With good design elements and placement, a personal garden space remains personal, even if it is on a mid-city rooftop.
The design solutions in this book are not quick fixes, but practical, creative, sustainable ideas that will turn your landscape into an enjoyable extension of your home. These ideas for buffers, barriers, and screens are suitable both for city and suburban living. Thoughtful design makes these solutions an integral part of the garden that fits in seamlessly. Buffers that soften the impact of a nuisance can help build a landscape of increasing interest in form and texture. Barriers keep out unwanted views and noise, but they can also improve the visual appeal of a landscape, enhancing its vertical aspects. Screening hedges become more than shrubs planted in a line; they create a green, living wall, incorporating the design elements of sequence and repetition to pull together the landscape.
Out of sight, out of mind, we say; but our choices are broader than any easy way out. An evergreen hedge may provide an easy solution to screen off the view of your neighbors hot tub, but it might not be the best idea for screening out traffic noise. Every spring, an army of arborvitae appears at garden centers everywhere. They provide a quick fix, but they are not necessarily the most appropriate answer to the question, How can I make the ugly view go away? Good design requires commitment. A tall, thin wall of hedge plants can disguise a chain-link fence, but if those plants grow 25 ft. tall and wide, you need to make the commitment to keep the hedge in check.

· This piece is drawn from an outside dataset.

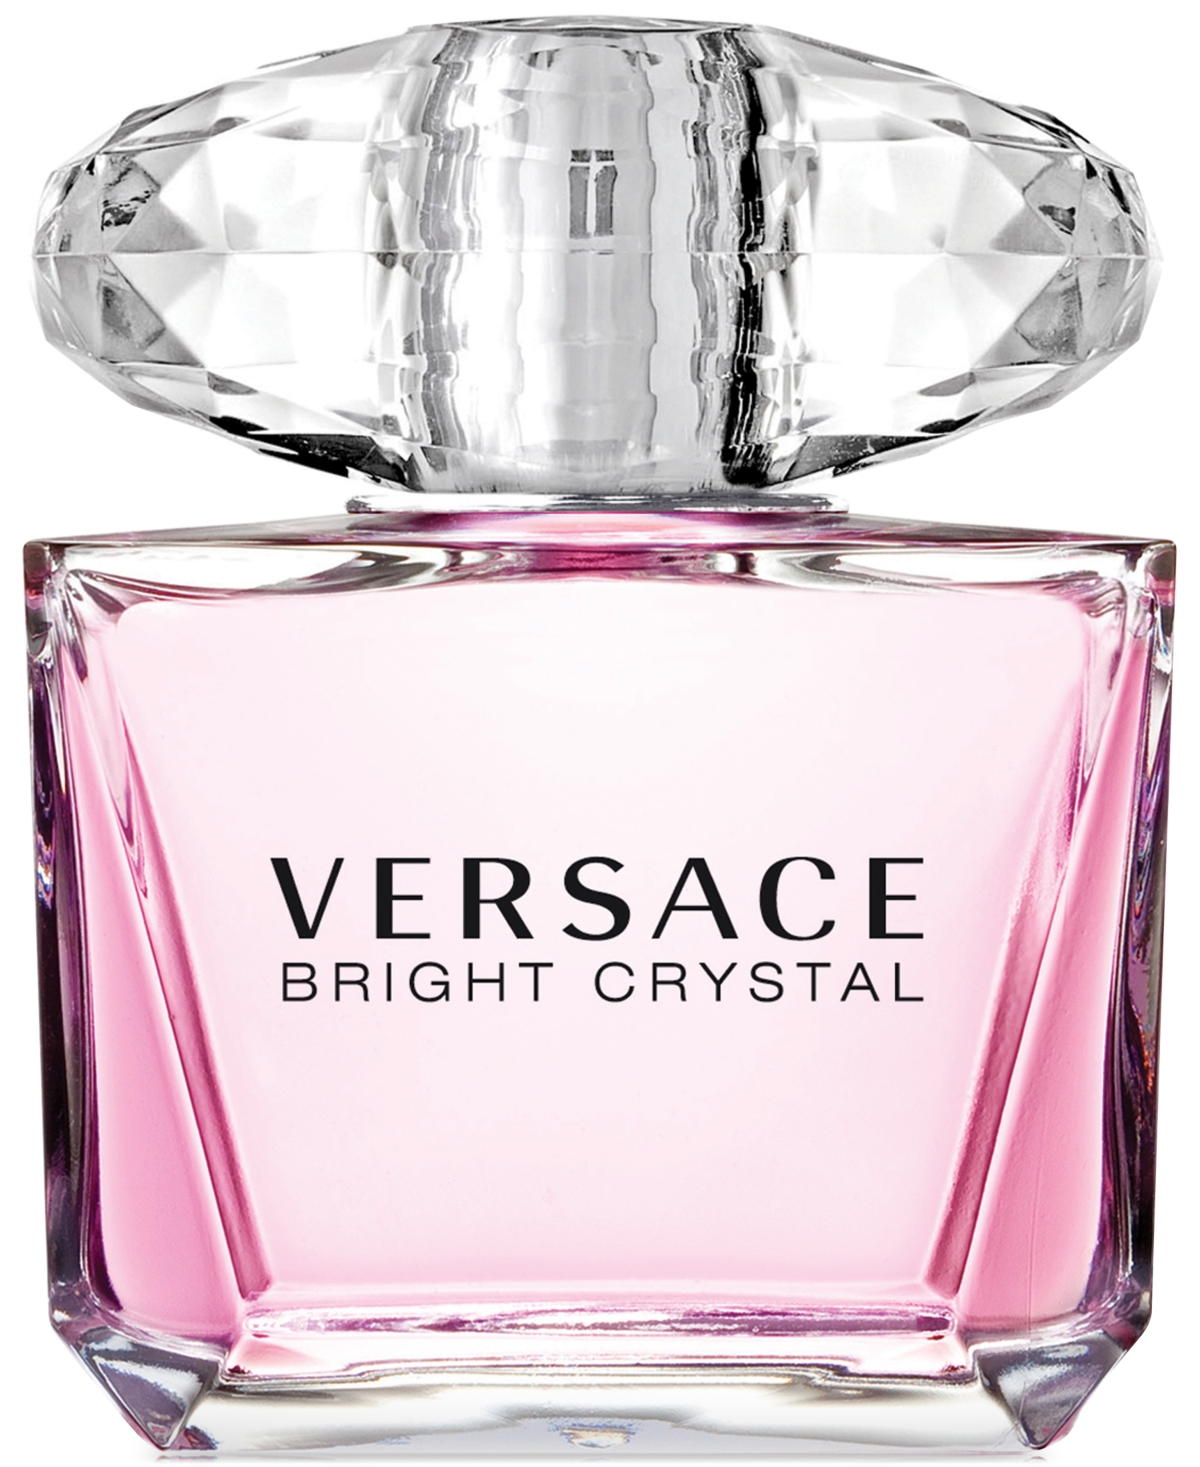 Versace Bright Crystal Eau de Toilette Spray, 6.7 oz

Some properties allow for sweeping solutions that use giant hedges and solid fences, but others within the close quarters of cities and suburbs have less private space with which to create extensive landscapes. Truth is, a long stretch of tall hedge or a big, blank fence does not suit most modern gardens. Neither is it appropriate for the size of most properties and the style of the homebe it Arts and Crafts or mid-century modern.
Hedges and humans share a long history, and the hedge in a large suburban or city property will continue to be an important element of the landscape, especially when it is used in a way that solves a difficult situation and adds to the artfulness of the garden. Hedges large and small, as well as fences and other design devices, can be used to enclose parts of the garden, to soften harsh effects, to provide privacy, and to disguise unwanted views without turning properties into little cells or eyesores.
This book offers information that can help you identify those aspects of the landscape that are not working for you. You will find creative, individualized solutions that fit your house, garden, and neighborhood style. In these pages, you will discover the best solutions to use as buffers, barriers, and screens for your property, landscape, and garden spaces to make them pleasant places to enjoy in solitude or to share with family and friends. Explore your options carefully, and you can improve your garden, home, and life.